Purification of the exopolysaccharide produced by Alteromonas infernus: identification of endotoxins and effective process to remove them
|Author(s)||Grivaud-Le Du Alicia1, Zykwinska Agata1, Sinquin Corinne1, Ratiskol Jacqueline1, Weiss Pierre2, Vinatier Claire2, Guicheux Jerome2, Delbarre-Ladrat Christine1, Colliec-Jouault Sylvia1|
|Affiliation(s)||1 : IFREMER, Lab Ecosyst Microbiens & Mol Marines Biotechnol, EM3B, Rue Ile dYeu, F-44311 Nantes 3, France.
2 : Univ Nantes, Inserm UMRS 1229, UFR Odontol, 1 Pl Alexis Ricordeau, F-44042 Nantes 1, France.

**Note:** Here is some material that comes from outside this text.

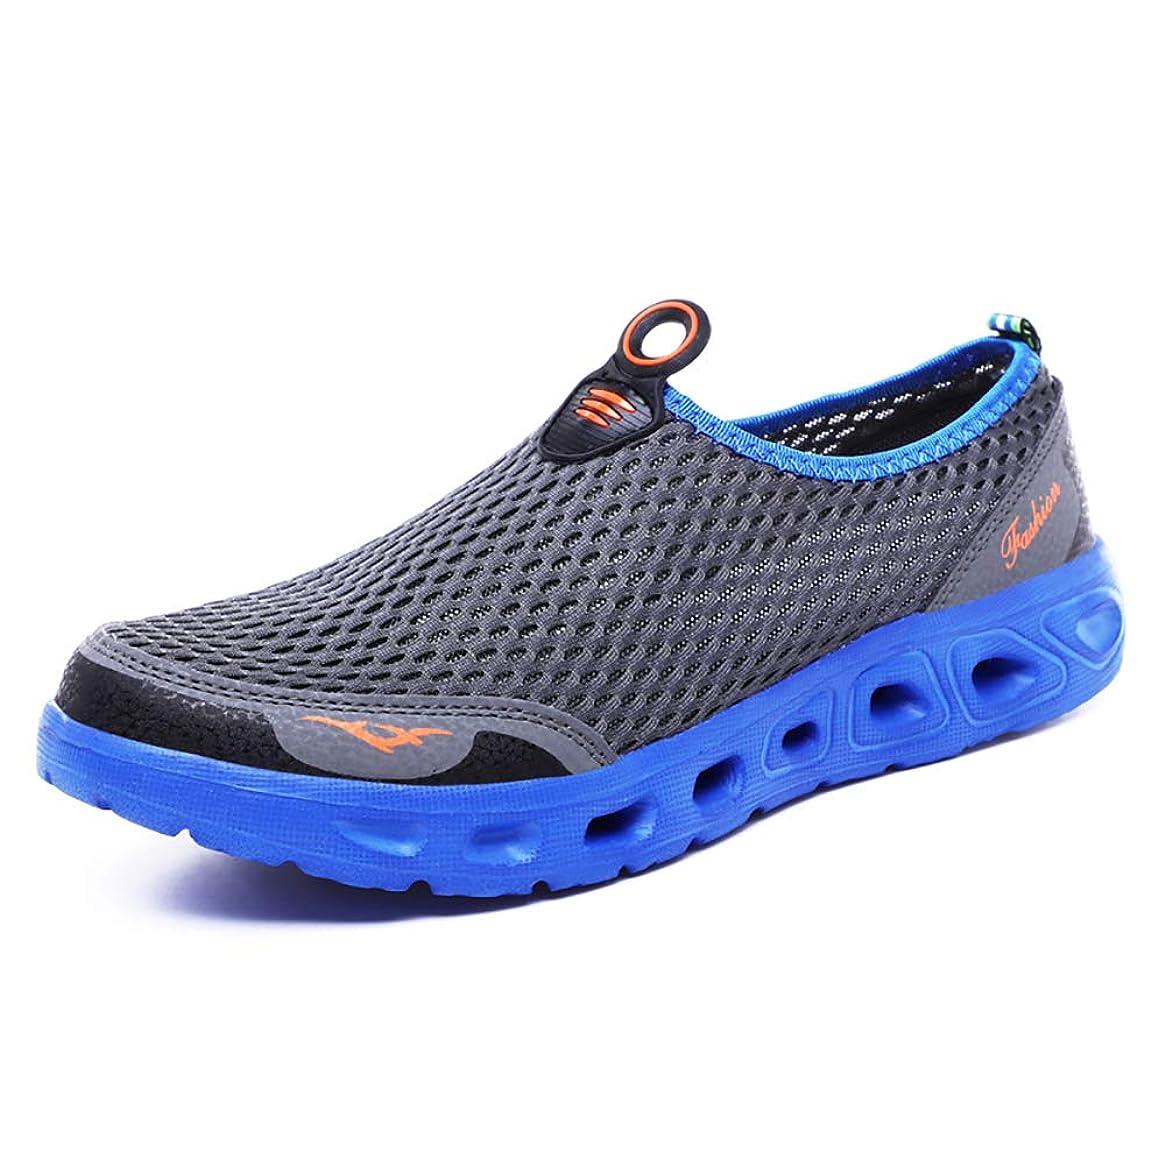 GOOD STUDIOS Men Women Mesh Water Shoes Quick Dry Slip-on Aqua Shoes for Swimming Pool Beach Walking Running Exercise

|Source||Applied Microbiology And Biotechnology (0175-7598) (Springer), 2017-09 , Vol. 101 , N. 17 , P. 6597-6606|
|WOS© Times Cited||2|
|Keyword(s)||Marine Alteromonas infernus, Bacterial exopolysaccharide, Endotoxin, Characterization, Purification, Fermentation, Process|
Alteromonas infernus bacterium isolated from deep-sea hydrothermal vents can produce by fermentation a high molecular weight exopolysaccharide (EPS) called GY785. This EPS described as a new source of glycosaminoglycan-like molecule presents a great potential for pharmaceutical and biotechnological applications. However, this unusual EPS is secreted by a Gram-negative bacterium and can be therefore contaminated by endotoxins, in particular the lipopolysaccharides (LPS). Biochemical and chemical analyses of the LPS extracted from A. infernus membranes have shown the lack of the typical LPS architecture since 3-deoxy-d-manno-oct-2-ulopyranosonic acid (Kdo), glucosamine (GlcN), and phosphorylated monosaccharides were not present. Unlike for other Gram-negative bacteria, the results revealed that the outer membrane of A. infernus bacterium is most likely composed of peculiar glycolipids. Furthermore, the presence of these glycolipids was also detected in the EPS batches produced by fermentation. Different purification and chemical detoxification methods were evaluated to efficiently purify the EPS. Only the method based on a differential solubility of EPS and glycolipids in deoxycholate detergent showed the highest decrease in the endotoxin content. In contrast to the other tested methods, this new protocol can provide an effective method for obtaining endotoxin-free EPS without any important modification of its molecular weight, monosaccharide composition, and sulfate content.